Thibodeau, of course, has been wildly successful in the regular season in his Bulls career. He has one of the top 10 winning percentages in NBA coaching history, despite running a team that has struggled to keep its one-time MVP on the court consistently along with a front office reluctant to exceed the luxury tax line. Thibodeau has racked up a sterling record without a team of superstars, instead relying on a brutal defense and good-enough offense to claim the No. 1 seed twice in four full seasons. His defense has been adopted by much of the league.


But there have been numerous, well-documented hiccups between Thibodeau and the front office, culminating with the dismissal of key assistant Ron Adams in 2013. Adams is now a part of the Warriors' Dream Team bench, fittingly enough. Thibodeau is under contract through 2016-17 and he makes a competitive rate based on when he signed. Yet, Chicago's front office is known to be weird and the team's franchisee Jerry Reinsdorf is noted as a man who doesn't like to pay his managers tons of dough. (You'll recall the contract spats with Phil Jackson.)


There's also the question of how Thibodeau's apparent lack of people skills impacts that relationship, as well as the coach's relationships with the local media and perhaps his players. He's a classic grumpy coach in the Van Gundy mold: he does his job very well, and wishes his bosses would a) butt out and b) give him more resources. President of basketball operations John Paxson is not known for butting out, and the Bulls are not known for spending like the Knicks, Lakers and Celtics. Hence the problem.


If the question is whether Thibodeau is worth it, the answer is obvious: yes. That leaves alone the question, though, of whether teams ought to prioritize hiring coaches that the front office can get along with easily. Is the trait of being easy-going increasingly important for head coaches?


Jackson, for instance, was not tactician that Thibodeau has been. That's not a knock -- I'm not sure any coach other than Erik Spoelstra or Rick Carlisle can compete with Thibs on those terms -- but it serves to suggest that Jackson's record of performance on the sidelines, as difficult as that is to grade, is not equal to that of Thibodeau. And like Thibs, Jackson had some hiccups in dealing with the front office, especially when it came to control of his bench. Jackson's grumpy coach act absolutely impacted his continued employability with the Warriors. Chances are it will affect his future employment prospects as well.

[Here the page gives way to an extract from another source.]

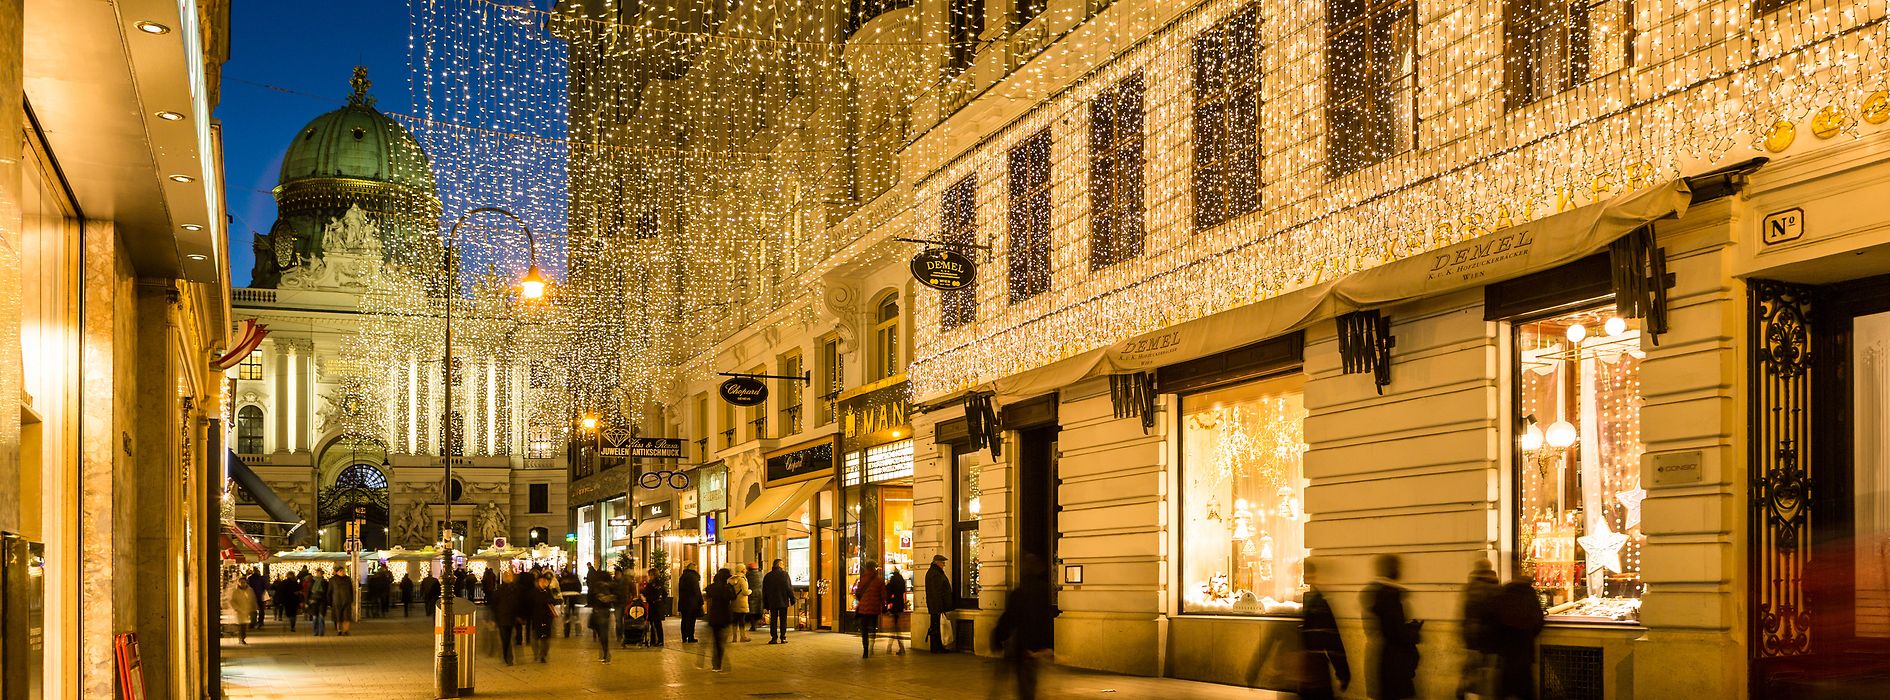 Weihnachten in Wien - Weihnachtsbeleuchtung am Kohlmarkt

But then consider Stan Van Gundy, who returned to the league fully on his own terms. He got fired in 2011, sat out a few years and landed a job with personnel control. And he's the grumpiest coach working today.


SVG's pros vastly outweigh his cons. I surmise that to some team, Jackson's will as well. Golden State was a uniquely bad fit because of who signed the checks and because of the way its front office works. Thibodeau will certainly be considered worth the trouble by many teams; his agent will get 15 calls from GMs within 15 minutes of the Bulls firing him, if they ever do. It's all relative.


It does seem, however, that crankiness and a divergent vision are increasingly considered dealbreakers. Michael Malone got fired by the Kings not because of a lack of performance, but because his success came outside the vision the front office had for the team. It's quite possible that the new generation of NBA leadership -- of which Golden State's Joe Lacob and Sacramento's Vivek Ranadive are a part -- will place a higher premium on buy-in from the coach. The unspoken wall between the front office and the bench, as much as it may have existed over the decades, might be crumbling.


That could impact the value of guys like Thibodeau, the old school types who would prefer the guys who sign the checks do little else and the guys who draw up the contracts bite their tongues.


It's worth noting that Thibodeau interviewed for a lot of jobs before he landed one. At least in Sacramento, where Thibs had interviewed twice, his lack of people skills had been cited as a serious ding in the rumor mill. If shared vision and friendliness become more desirable among NBA head coaches, that will necessarily impact the Van Gundy types. In theory, like Thibs, they'll need to be even better than their nicer colleagues to get the best jobs.


Of course, coaches have been clashing with their bosses and their players throughout sports history. This is nothing particularly new. It's just changing in subtle ways. It'll be interesting to see how those changes morph the platonic NBA head coach of the new generation.